At present there are between 4,000 and 4,500 members of the security forces stationed in the Chapare. This is an increase of approximately 2,000 troops since the end of October. Although both US and Bolivian governments had stated that forced eradication should have eliminated the last illegal coca in the region by December 2000, widespread replanting of coca and active campesino resistance have impeded this goal.

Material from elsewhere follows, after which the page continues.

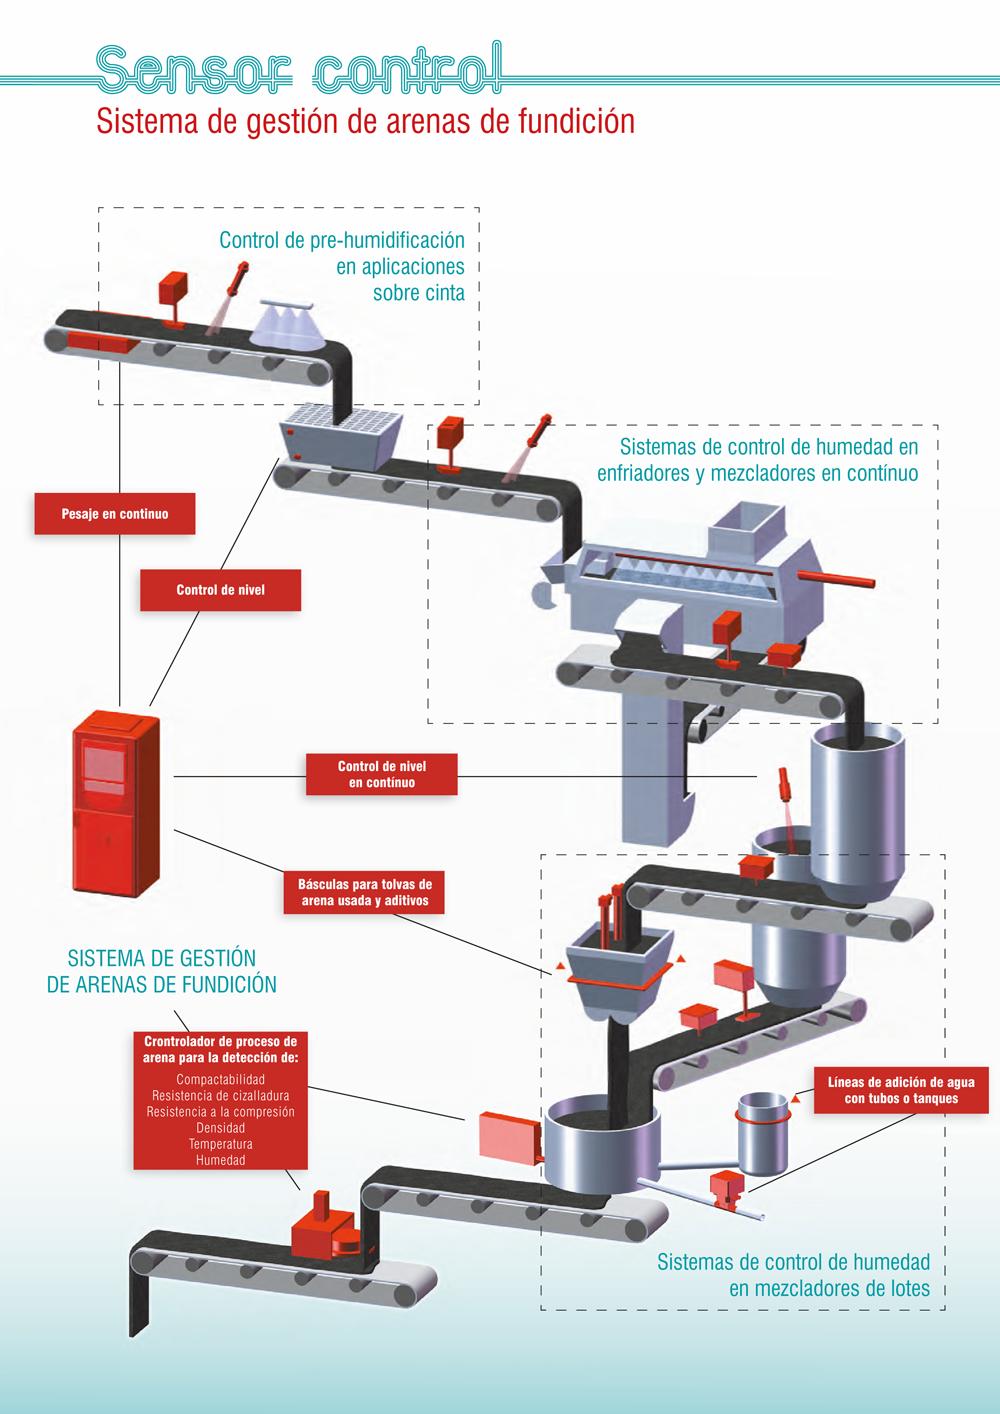 Ejemplo de un Sistema de control para reciclado de arena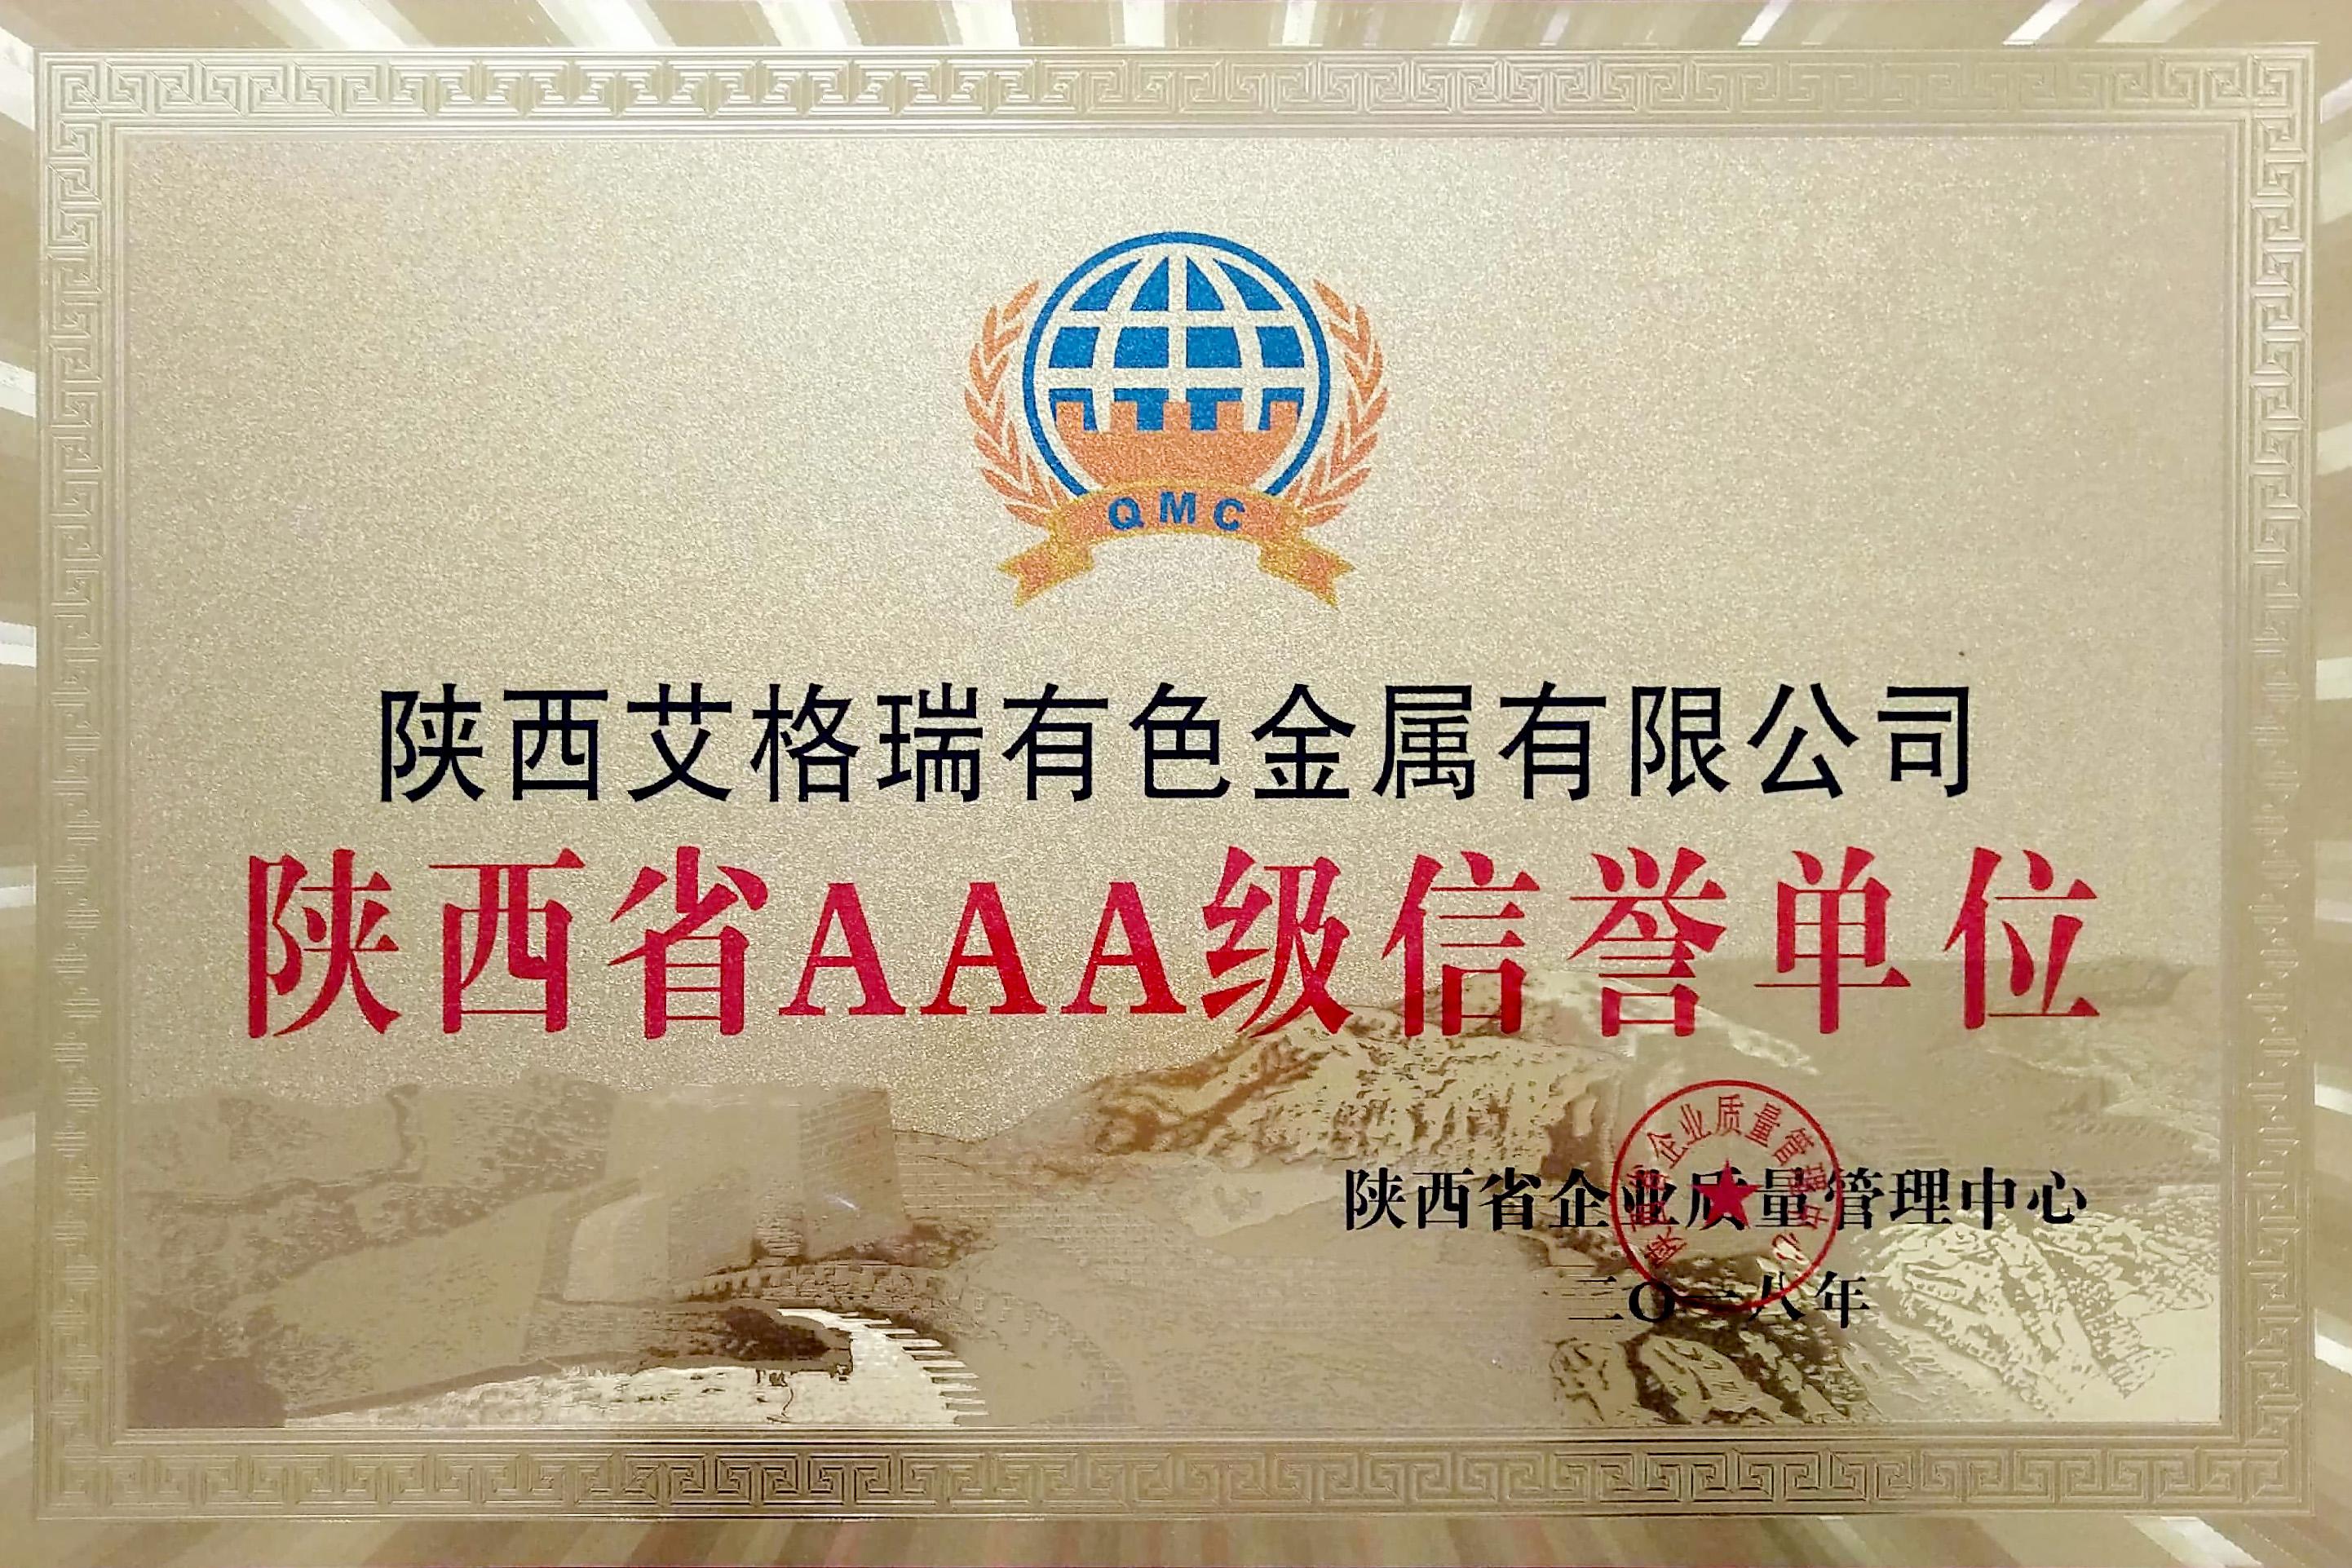 陕西省AAA级信誉单位-奖牌

Both governments officially state that a long-term sustained military presence in the region is indispensable to maintain eradication goals and prohibit resurgence of the coca crop. Initially, Bolivian military participation in anti-drug efforts was to last until the end of forced eradication. US commitment to funding a continued presence is both costly and damaging to Bolivia's fragile democracy. The permanent establishment of military action within antinarcotic efforts is therefore destructive of the nation's efforts to establish a credible civilian system of government.
Source: The Week Online with DRCNet

Canadians wise up to marijuana

It is now legal in Canada for terminally ill patients and those with chronic diseases from cancer to AIDS to MS to turn their back yards into their medicine cabinets. With the approval of a doctor, they can either grow marijuana or get it free from the government, which is paying a company to nurture the plants in an abandoned copper mine in Flin Flon, Manitoba.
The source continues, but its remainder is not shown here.